Concerned families leaving Southland Schools
Parents of disabled and special- needs children are moving out of Southland amid fears the region's schools are failing their children.
Two mothers who believe their young children have been excluded from school because of their disabilities and special needs have shared their stories.
Neither wanted to be named for fear their children would be further ostracised.
One mother, whose 7-year-old son has neurological and learning disabilities, said she moved to Dunedin to find a school for her boy after he was excluded from his Invercargill school because of his disabilities and learning issues.
"We just want him to be able to have a childhood.
"We wanted our boy to be able to go the the school discos, be part of the end-of-year concerts, go to school camps.
"All those childhood experiences that other kids get to have."
She called on the Ministry of Education to better resource schools and provide more training to teachers to help them deal with disabled or special-needs children.
"As a parent of a disabled or special-needs child you rely on individuals within the system or schools who have the passion and empathy for your child," she said.
"If you can't find them you are on your own. It's awful."
She knew of other parents who had moved to Christchurch and even Auckland to find schools for their children.
CCS Disability Action chief executive David Matthews said the Ministry of Education had been working on several initiatives but
there was little sign of overall progress.
Schools needed to do more to ensure disabled children were included, he said.
The number of children learning by correspondence through the ORS (Ongoing Resourcing Scheme) was increasing, validating the concern the organisation and parents had, he said.
Disabled students often studied by correspondence because they felt unwelcome and excluded at schools, or schools claimed they could not meet their needs, he said.
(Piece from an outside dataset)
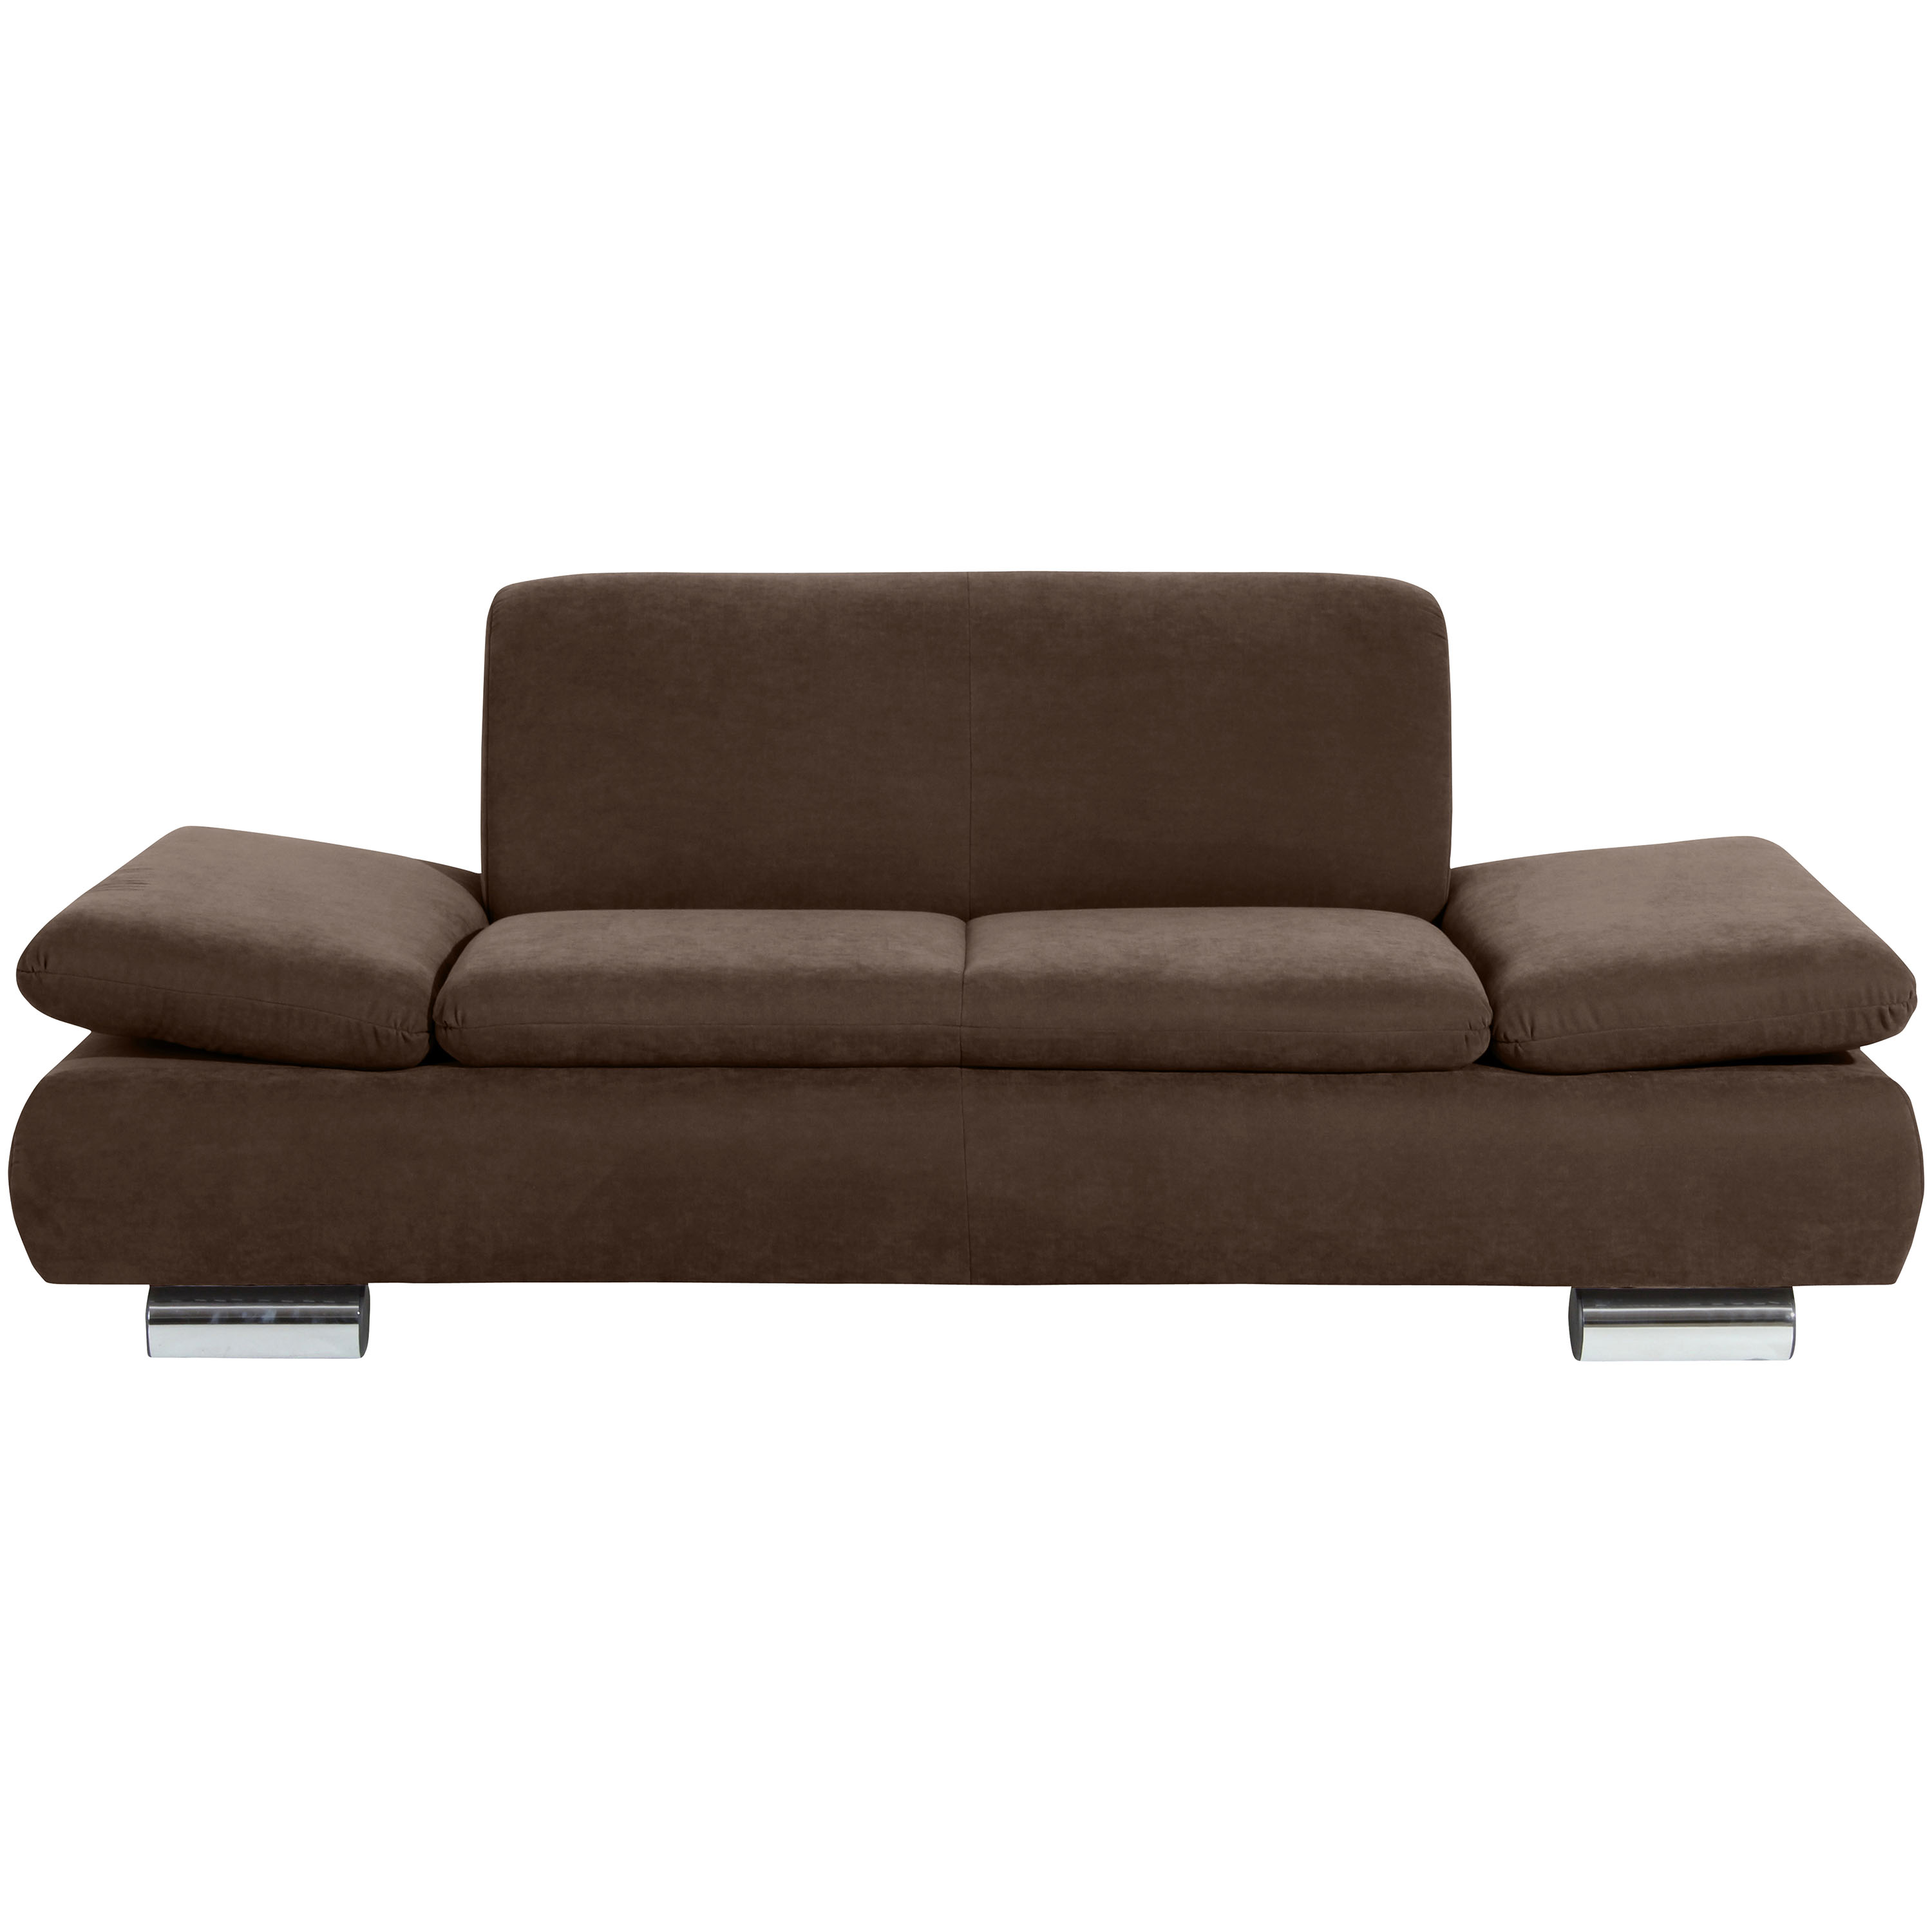 frontansicht von einem braunen 2-sitzer sofa mit verchromten metallfüssen

CCS Disability Action Southern regional manager Joy Gunn said the situation varied among schools and often came down to the attitudes of principals and teachers.
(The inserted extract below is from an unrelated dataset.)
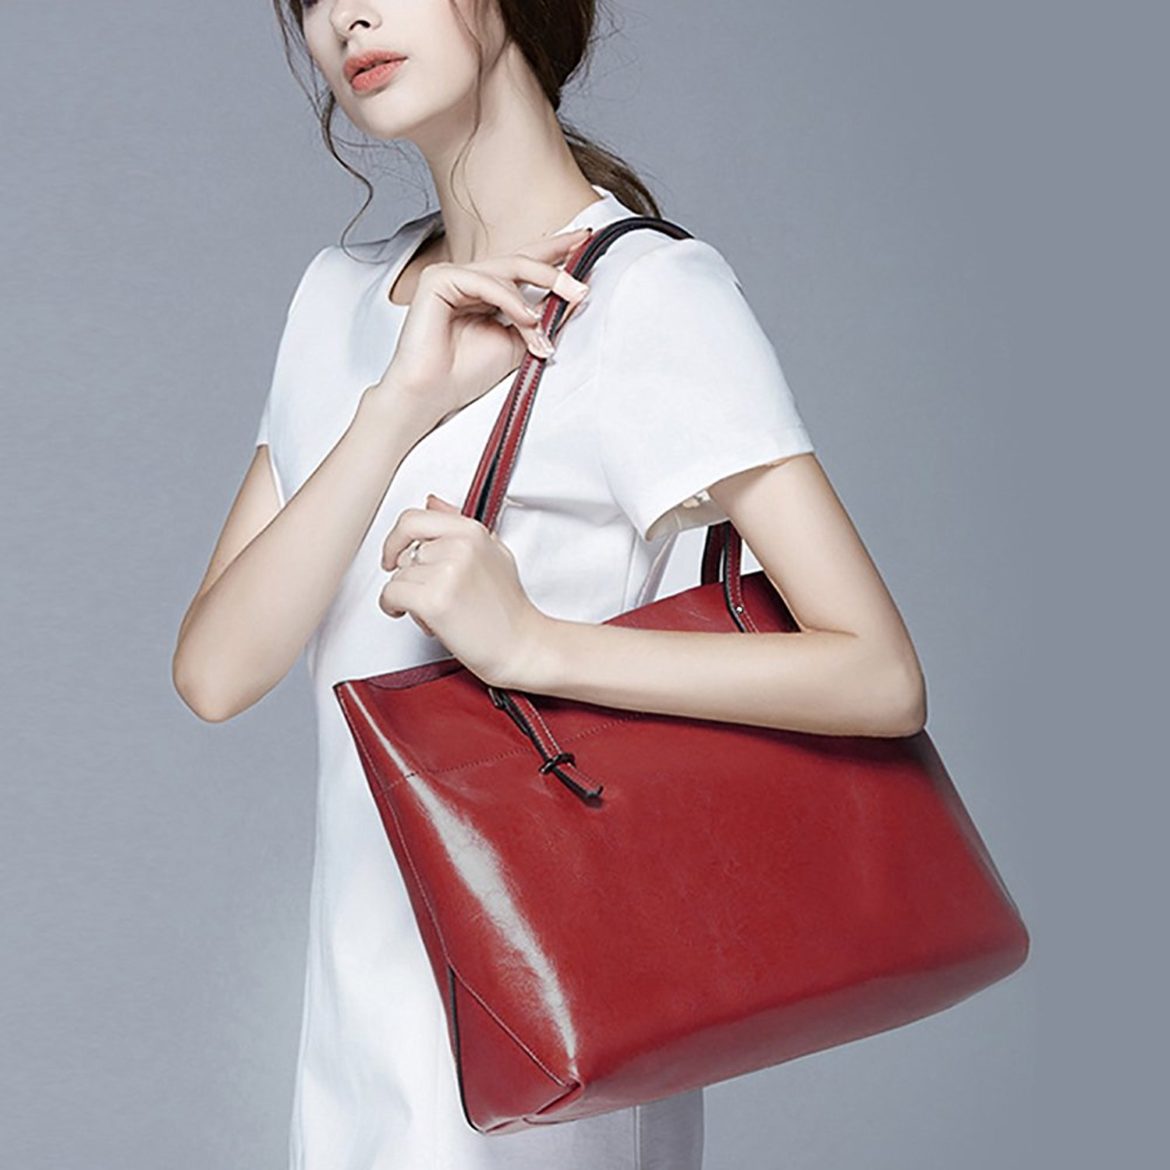 S-ZONE Women’s Vintage Genuine Leather Tote Shoulder Bag Handbag ...

Some schools had struggled to deal with the behavioural issues of some disabled children, she said.
CCS Disability Action advocated for children to remain in schools and for agencies to work together to ensure that could happen.
Southland Secondary Principals' Association chairman Gerry Ward said he believed southern schools were doing a good job for students with special needs.
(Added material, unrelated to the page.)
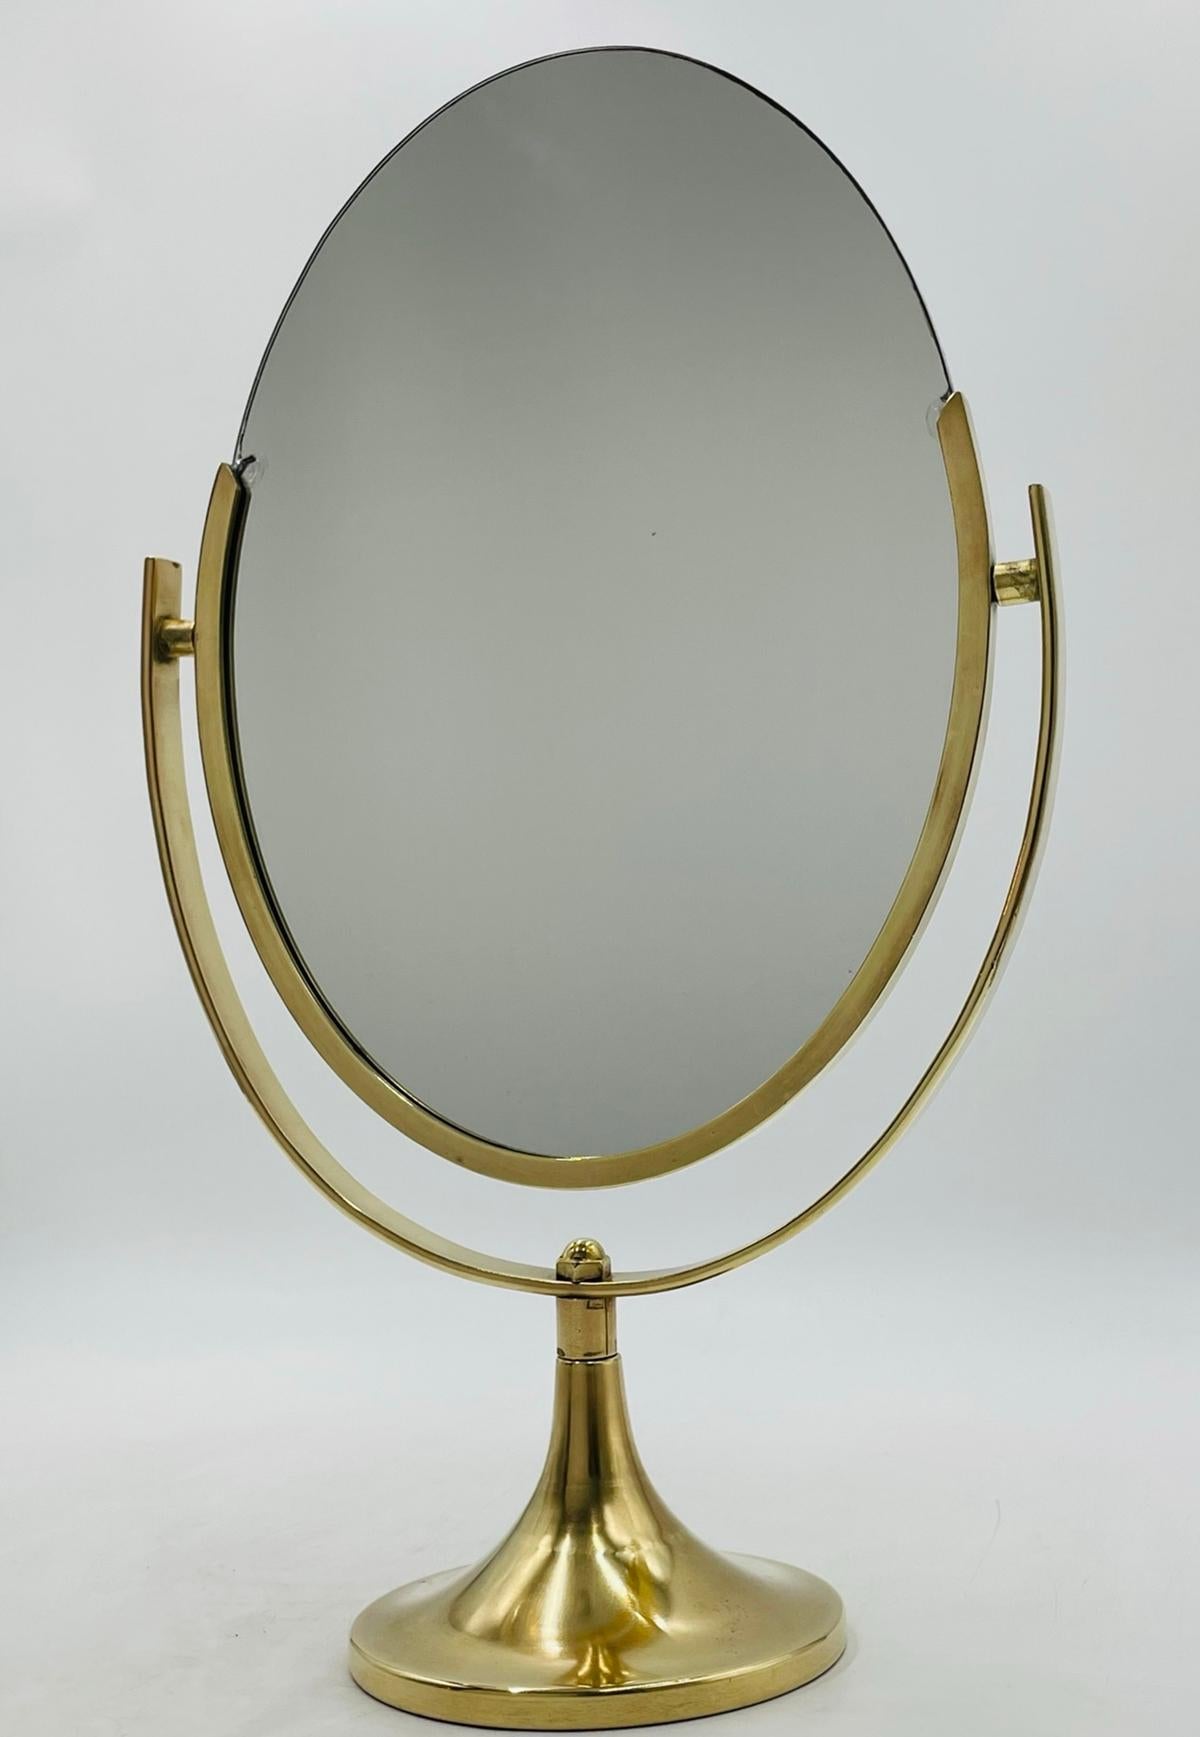 Der beidseitige Waschtischspiegel aus Messing von Charles Hollis Jones ist ein beeindruckendes und funktionelles Möbelstück, das jeden Raum aufwertet. Dieser ursprünglich in den 1970er Jahren in den USA gefertigte Spiegel ist ein echtes

At his school, Menzies College, ORS-funded students were mainstreamed as much as possible and also had teacher aides with them in the classroom.
While he was unsure specifically what other schools did, he had not heard of any school turning disabled children away.
Ministry of Education sector enablement and support head Katrina Casey said every student, including those with special learning or behavioural needs, should be able to attend their local school without fear of being discriminated against and those who needed extra support should be able to access it.
About four in every 1000 children attended special schools.
Correspondence school was one option for parents but if they chose that, it could not be assumed it was because they were dissatisfied with their local school, Casey said.
The Government invested about $530m in special education every year and had increased spending by about $140m since 2009 in key special education initiatives, she said.
Each year 80,000 to 100,000 children receive direct services or support for special education needs in the schooling system, while there were about 900 staff in the Resource Teachers: Learning and Behaviour (RTLB) service providing specialist advice and support to schools having difficulties providing for the learning and behavioural needs of their students.
There are about 52 RTLB staff working among Otago and Southland schools.
The ministry also employed about 800 frontline specialists in regional and district offices, including psychologists, speech/language therapists, advisers of the deaf, occupational therapists, physiotherapists, special education advisers, and kaitakawaenga.
About 30,000 children and young people were provided this support each year, Casey said.
Boy spoke of wanting to kill himself
"It makes me feel like an empty street. I feel like a failure, like I'm nothing."
Sad words from an 8-year-old boy asked how he felt when he went past his old school.
The boy, who suffers from sensory processing disorder and possibly ADHD, has been removed from school by his parents because they say his learning needs were not being met.
His mother conceded he had behavioural issues as a result of his lack of social skills, but said the school had simply labelled her boy as naughty.
"Our son ended up in a psychological mess. He was a sad, sad and very angry boy.
"My son was suicidal. He was saying he wanted to kill himself every single day. It was absolutely frightening and we couldn't keep sending him off to school so we got him out."
She did not blame teachers but said initiatives and policies needed to be developed within schools to ensure needs were met.
"I think teachers have a really difficult job in trying to teach or cater to the needs of a wide range of children. ‘I think the pressures on them are huge and I have empathy for them.
"I think it takes an aware principal with great ideas who supports the staff to allow a school to meet the needs of these kids."
After a 2010 Review of special education, the Teachers' Council, which approves all initial teacher education programmes, was required to include a graduating standard focused on special education. There is also a range of specialist teacher study awards for teachers who wish to work as specialists.
The Ministry of Education has $3.012m for study awards for 2014-15. As of August 12, records show there were 369 people studying on the specialist teaching programme supported through special education study awards.